There were four parallel discussions going on but I kept mostly with the open science and web tolls related talks. There are a couple of ideas that I take away from these discussions that I will mention below but in general these overlap with what Shirley already mentioned in her post.

Pragmatic steps for Open Science and web tool adoption
Kaitlin Thaney and Cameron Neylon talked about open science and data commons. Cameron in particular is making the case that we need to demand open data the same way we demand for open access to science articles. Although publishers will say that they already try ask for availability to everything required to reproduce the results the truth is that this is not really well enforced. Funding agencies should provision funds to make raw results freely available for re-use once an article is accepted for publication.

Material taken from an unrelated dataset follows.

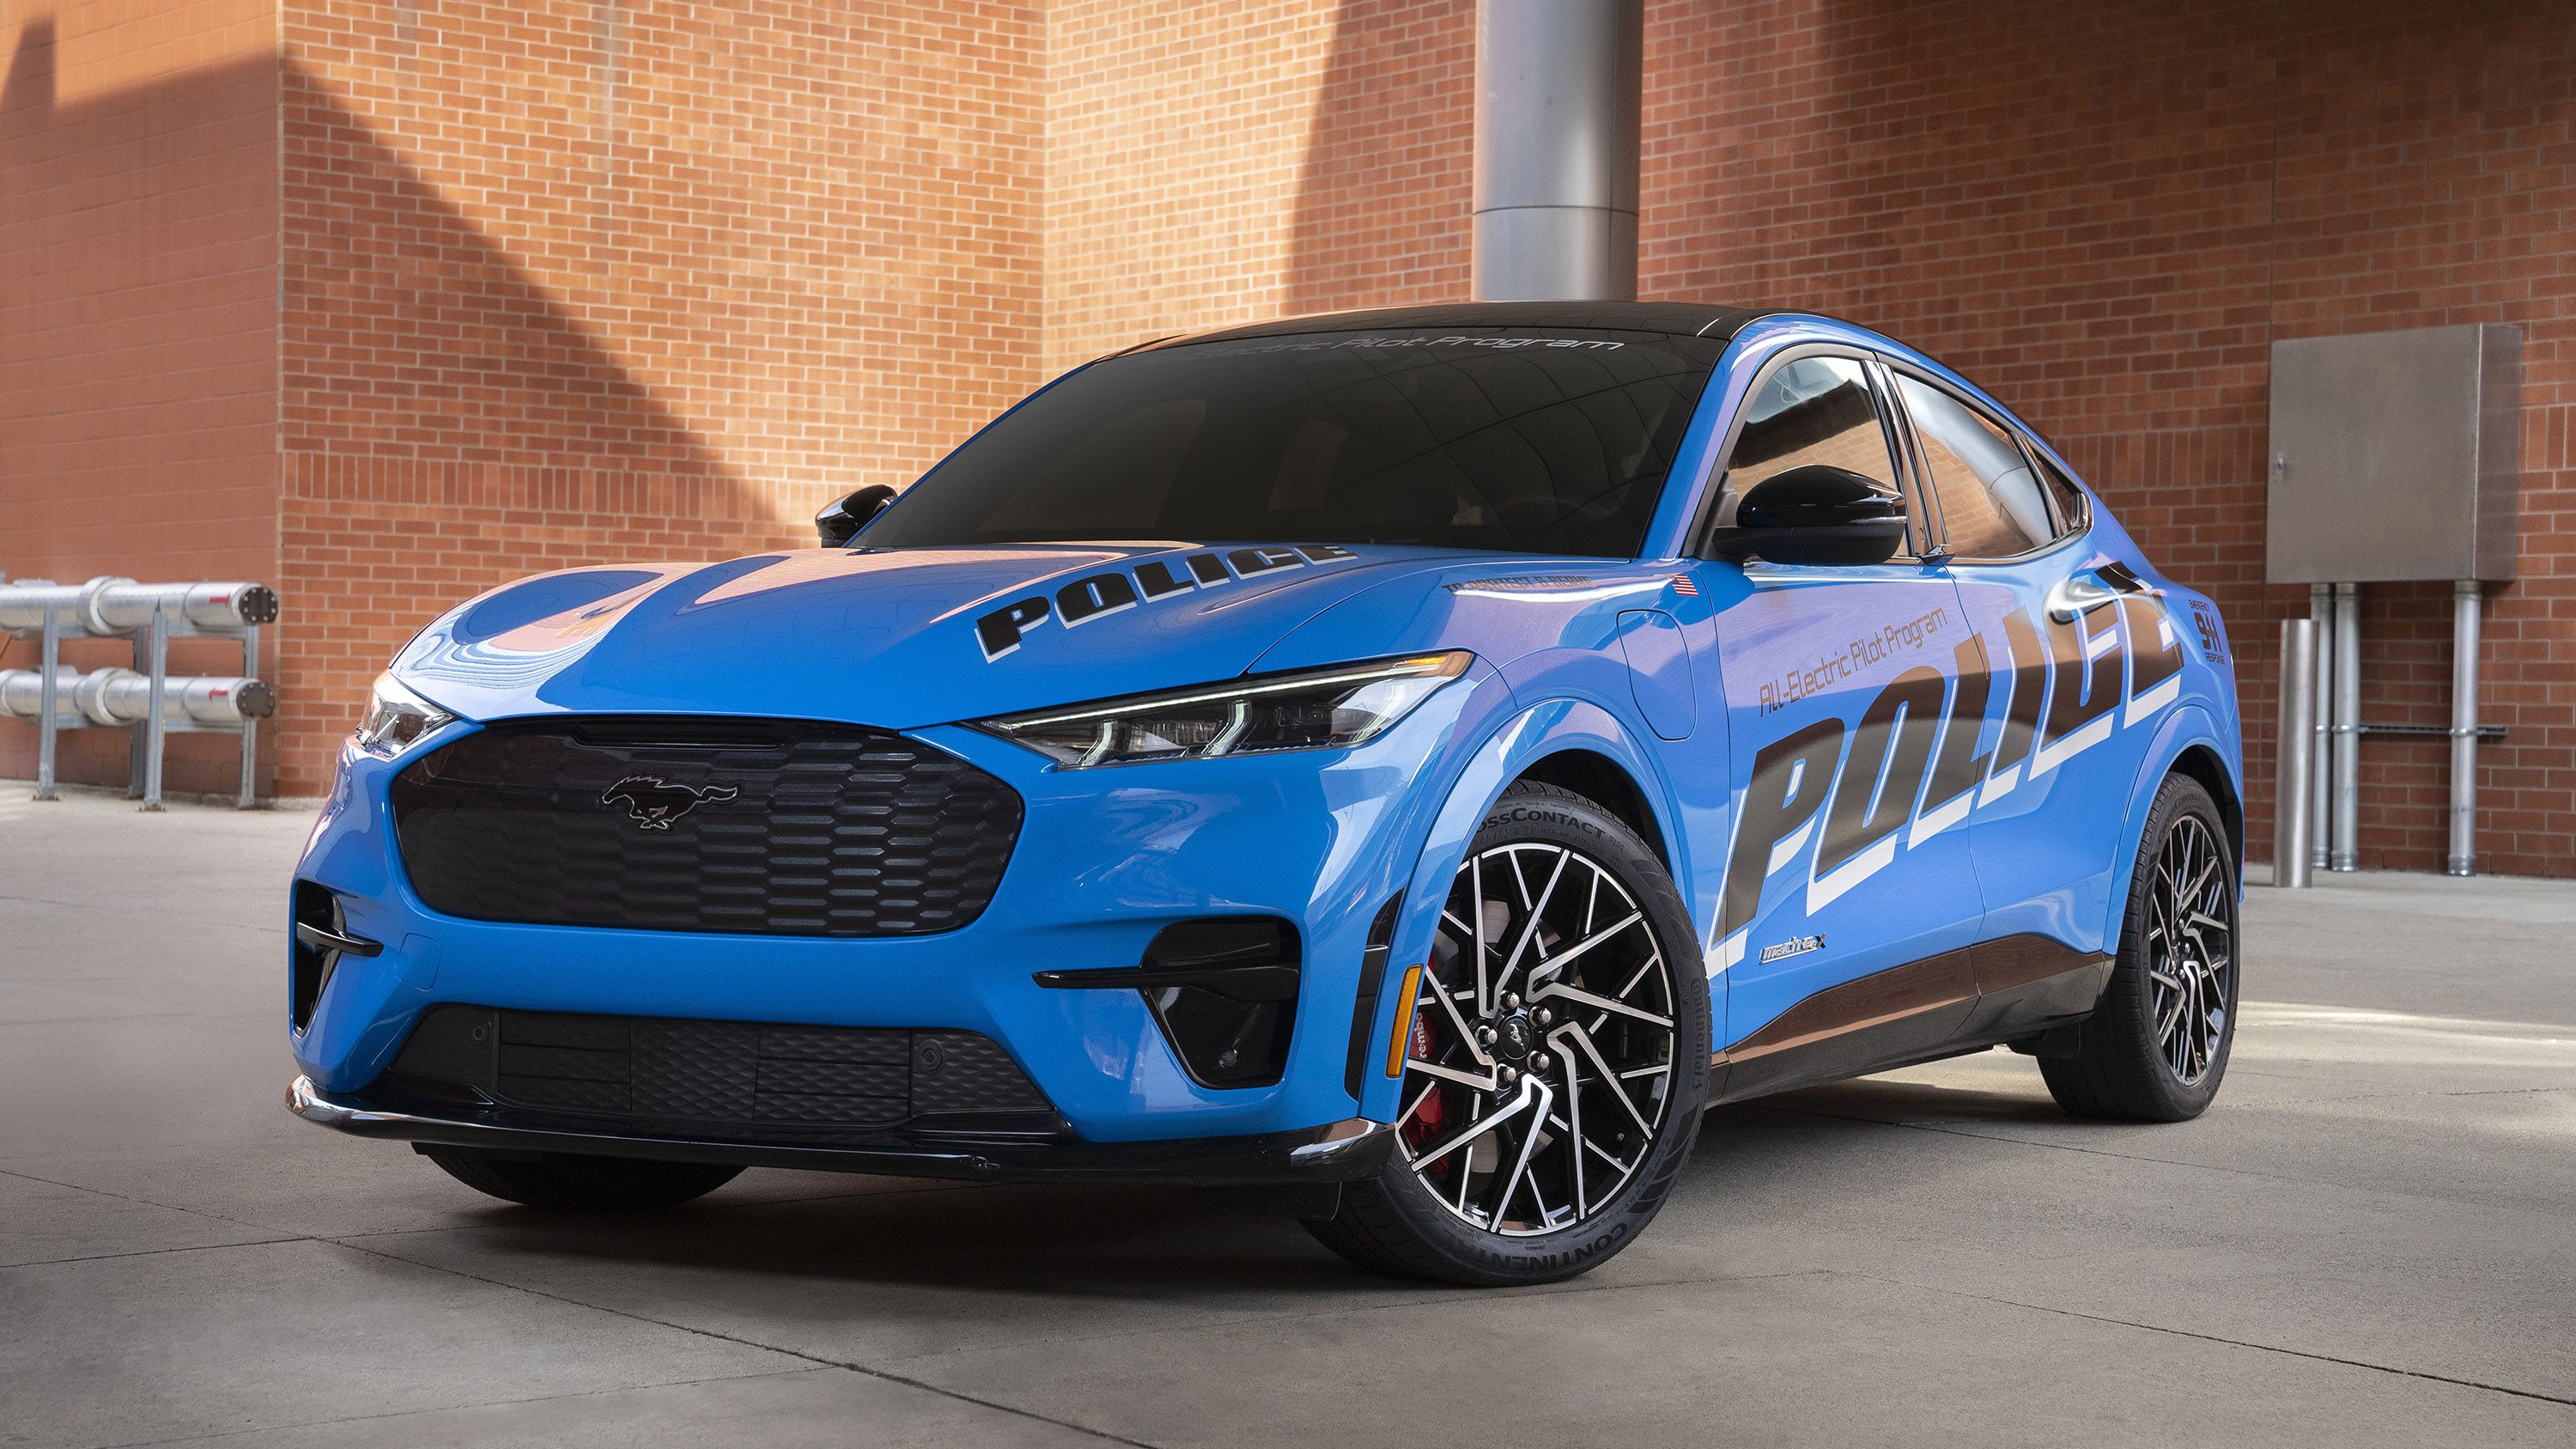 Ford Mustang Mach E To Undergo Police Car Tests

On the side of web tools for science, Ricardo Vidal (OpenWetWare), Vivek Murthy (Epernicus), Jeremy England and Mark Kaganovich (Labmeeting) discussed user adoption. Adoption rates among scientists tend to be slow and there is a large generational gap. Again here pragmatic steps need to taken to promote the usage of these tools in science. Some of the current problems include fragmentation of user base, lack of focus in tool development, too few security restrictions.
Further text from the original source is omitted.